Comments of Commissioner Richard A. Lidinsky, Jr. on Proposed P3 Vessel Sharing Agreement
I vote to disapprove staff’s recommendation on this agreement for the below reasons.
In certain trades and circumstances I support the alliance carrier structure. They can assist in rationalizing services and calling new ports. However, this agreement is in reality not an alliance or true vessel sharing arrangement. Rather, it is in effect a merger of the top three global liner companies.
This agreement will allow the controlling carrier the ability, when coupled with existing discussion agreements, to deploy its assets along with those of the other two carriers, to dominate vessel competition and narrow shipper options at U.S. ports. Other than the publicity machine of the three would be partners to rally support, there is nothing in the record before us of Americans clamoring for this proposal.
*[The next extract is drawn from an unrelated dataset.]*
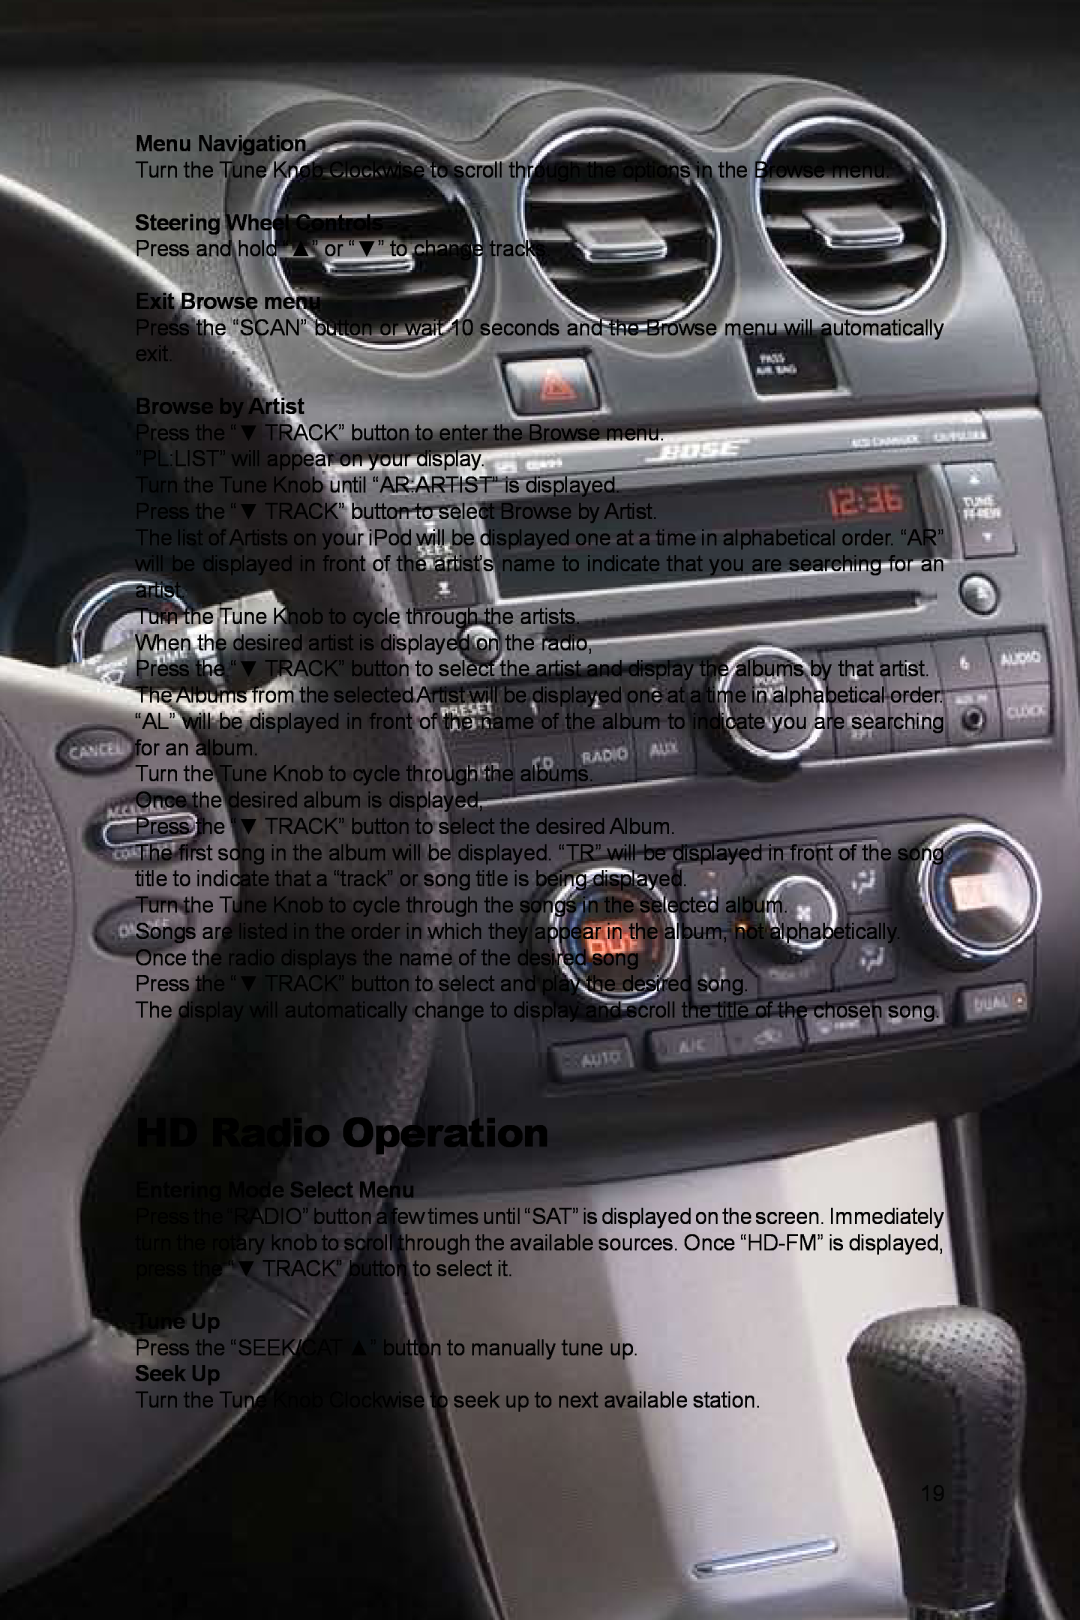 Peripheral Electronics PGHNI2 HD Radio Operation, Menu Navigation, Steering Wheel Controls, Exit Browse menu, Tune Up

The articulate and experienced comments of American parties involved in our international waterborne trade should have been given greater weight by staff in analyzing the impact of this agreement. However, since the Agency has in essence permitted over 1600 carrier agreements in the last 30 years — never stopping one — and sees nothing potentially harmful with the top three companies in an unprecedented combination, then perhaps the time is at hand for a thorough Executive and Congressional review of the 1984 Act to see how U.S. interests are being served by its current procedures.
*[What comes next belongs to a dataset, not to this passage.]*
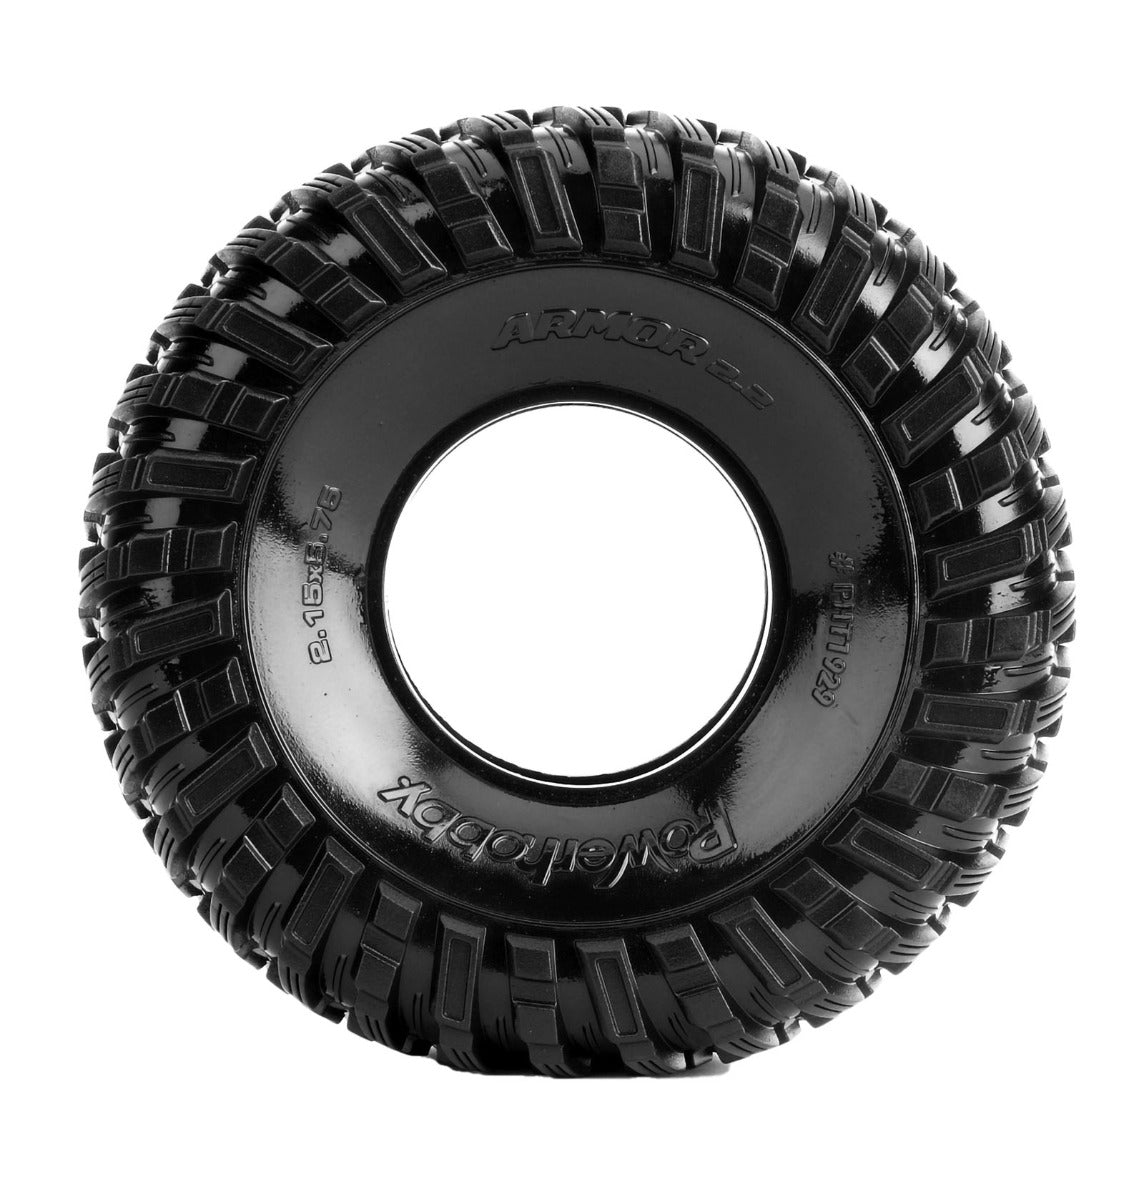 Powerhobby Armor 2.2 Crawler Tires with Dual Stage Soft and Medium Foams - PowerHobby

Finally, from observing our industry over forty years from a variety of perspectives, I feel if we allow this agreement to take effect, it will become a model precedent. The United States, the European Union, the People’s Republic of China or any other regulatory authority will be hampered in protecting their national maritime interests in direct or cross trades. After nearly a decade of turbulence in the liner market, the last thing needed is this device designed solely to fill the largest ships of the controlling carrier at the expense, as one commentator has expressed it, of the world’s maritime architecture. The filing parties have every right to apply for this unique status under our anti-trust laws, however there is nothing in the statutes or regulations we administer requiring we grant the parties’ request to solve self-inflicted operational and commercial problems.
Therefore, I vote no and hope the Commission joins with me to seek a 6(g) injunction in this matter.